Art Exhibitions

Exhibition by Antonio Milana

Wordless Stories

16 - 23 July, Patmion Cultural Center

Exhibition opening 16 July, 19.00 • PATMION CULTURAL CENTRE

Open to the Public from 16 to 22 July

“Wordless Stories” brings together a series of small-scale works on paper created by Antonio Milana over many years. Through the use of reclaimed and repurposed materials, the artist transforms fragments of everyday life into poetic compositions that carry traces of time, memory, and lived experience.

Reflecting on decay, consumption, and the human condition, these works invite viewers to reconsider the value of reuse and the enduring power of art to give new life to forgotten objects. The exhibition highlights Milana’s ability to construct personal and collective narratives through material, mark, and form, allowing each work to speak through its own quiet presence. It is an invitation to engage in a slow and contemplative dialogue, where silence becomes language and memory is transformed into a living experience.

“Macro work n° 1”
Acrylic and collage on paper
Cm 29 x 30
Year – 2019

“I miss your silence”
Acrylic, ink and collage on paper
Cm 47 x 51
Year 2025

“Island of hope”
Acrylic, ink and collage on paper
Cm 66,5 x 45,5

Born in Rome in 1958, Antonio Milana has developed a multifaceted artistic practice that began with music and experimental sound research before evolving into a deeply personal visual language. His experiences in London and New York, where he encountered the experimental and avant-garde currents of the 1970s and 1980s, helped shape an approach rooted in the relationship between sign, memory, materiality, and space. Presented in numerous solo and group exhibitions in Italy and abroad, his work is distinguished by an ongoing investigation of the trace as a vehicle for experience, meaning, and narrative.

Photographic Exhibition by Maria Pavlaki

Something of Their Own

16 - 23 July, Patmion Cultural Center

Exhibition opening 16 July, 19.00 • PATMION CULTURAL CENTRE

Open to the Public from 16 to 23 July

What remains from a brief encounter with a stranger? A glance, an expression, a gesture, or a fleeting thought that seems to transcend time and touch something deeply personal. Maria Pavlaki’s exhibition Something of Their Own unfolds within this space of closeness, where photography becomes a means of recognition and connection.

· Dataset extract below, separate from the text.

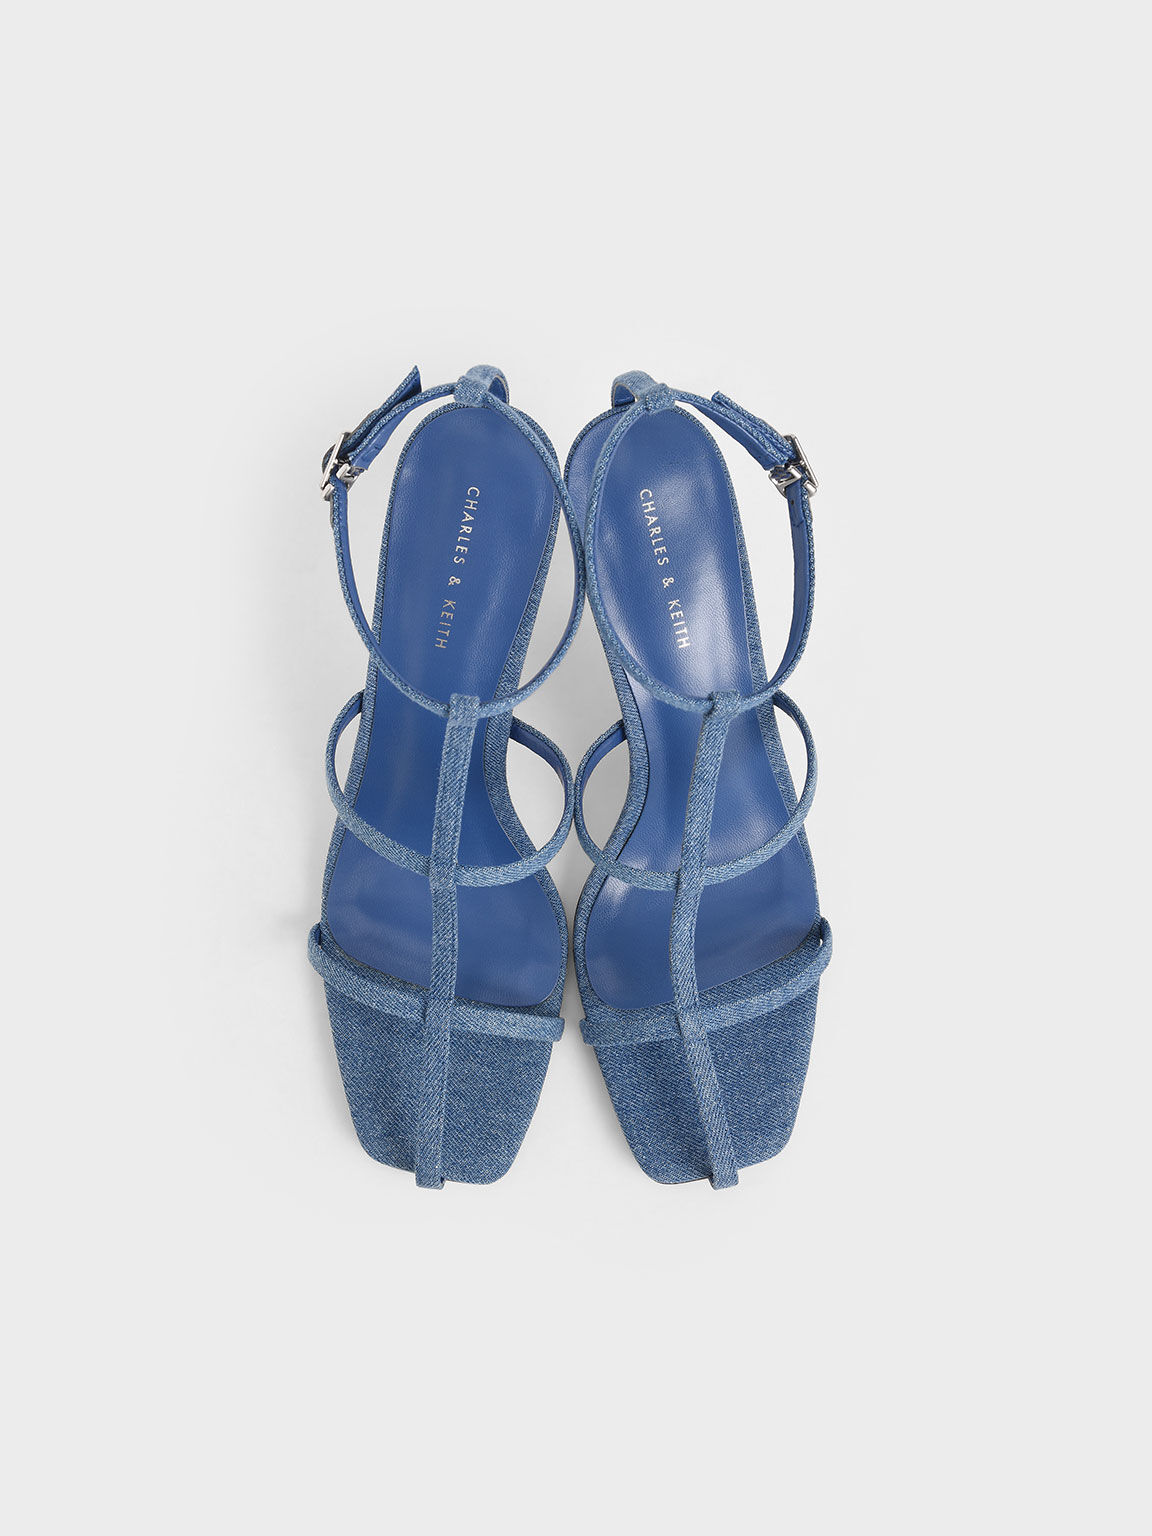 Denim Caged Strappy Heeled Sandals, Blue, hi-res

Through a series of portraits and human moments, viewers are invited to stand before the subjects not merely as observers, but as participants in a silent dialogue. Each person tells their own story, inviting viewers to connect with it or recognize a part of themselves within it: a moment, an emotion, a memory, or an unspoken story that, for a brief instant, becomes their own.

Pavlaki’s photographs focus on people who inhabit public space with a distinct sense of presence. People of different ages, backgrounds, and personal histories are revealed through her lens as carriers of desire, memory and lived experience. In a world increasingly inclined to homogenize faces and gestures, Pavlaki seeks out what is singular, fragile and irreducibly unique. Her gaze resists the speed of contemporary life, insisting instead on attentive observation.

Born in Athens, Maria Pavlaki devoted a significant part of her life to education while maintaining a long and consistent photographic practice, shaped by her studies with the Photographic Circle and her mentorship under Platon Rivellis. Since the early 1990s, she has participated in exhibitions in Greece and abroad, developing a body of work that spans portraiture, public space, the human body, theatre and social observation. Something on Their Own, both the title of this exhibition and its accompanying publication, presents a thirty-year body of analogue photographic work rooted in lived experience and sustained human encounter. Her long-standing engagement with people has cultivated a sensitive and empathetic perspective, reflected in images that move beyond representation and become spaces of emotional and existential exploration.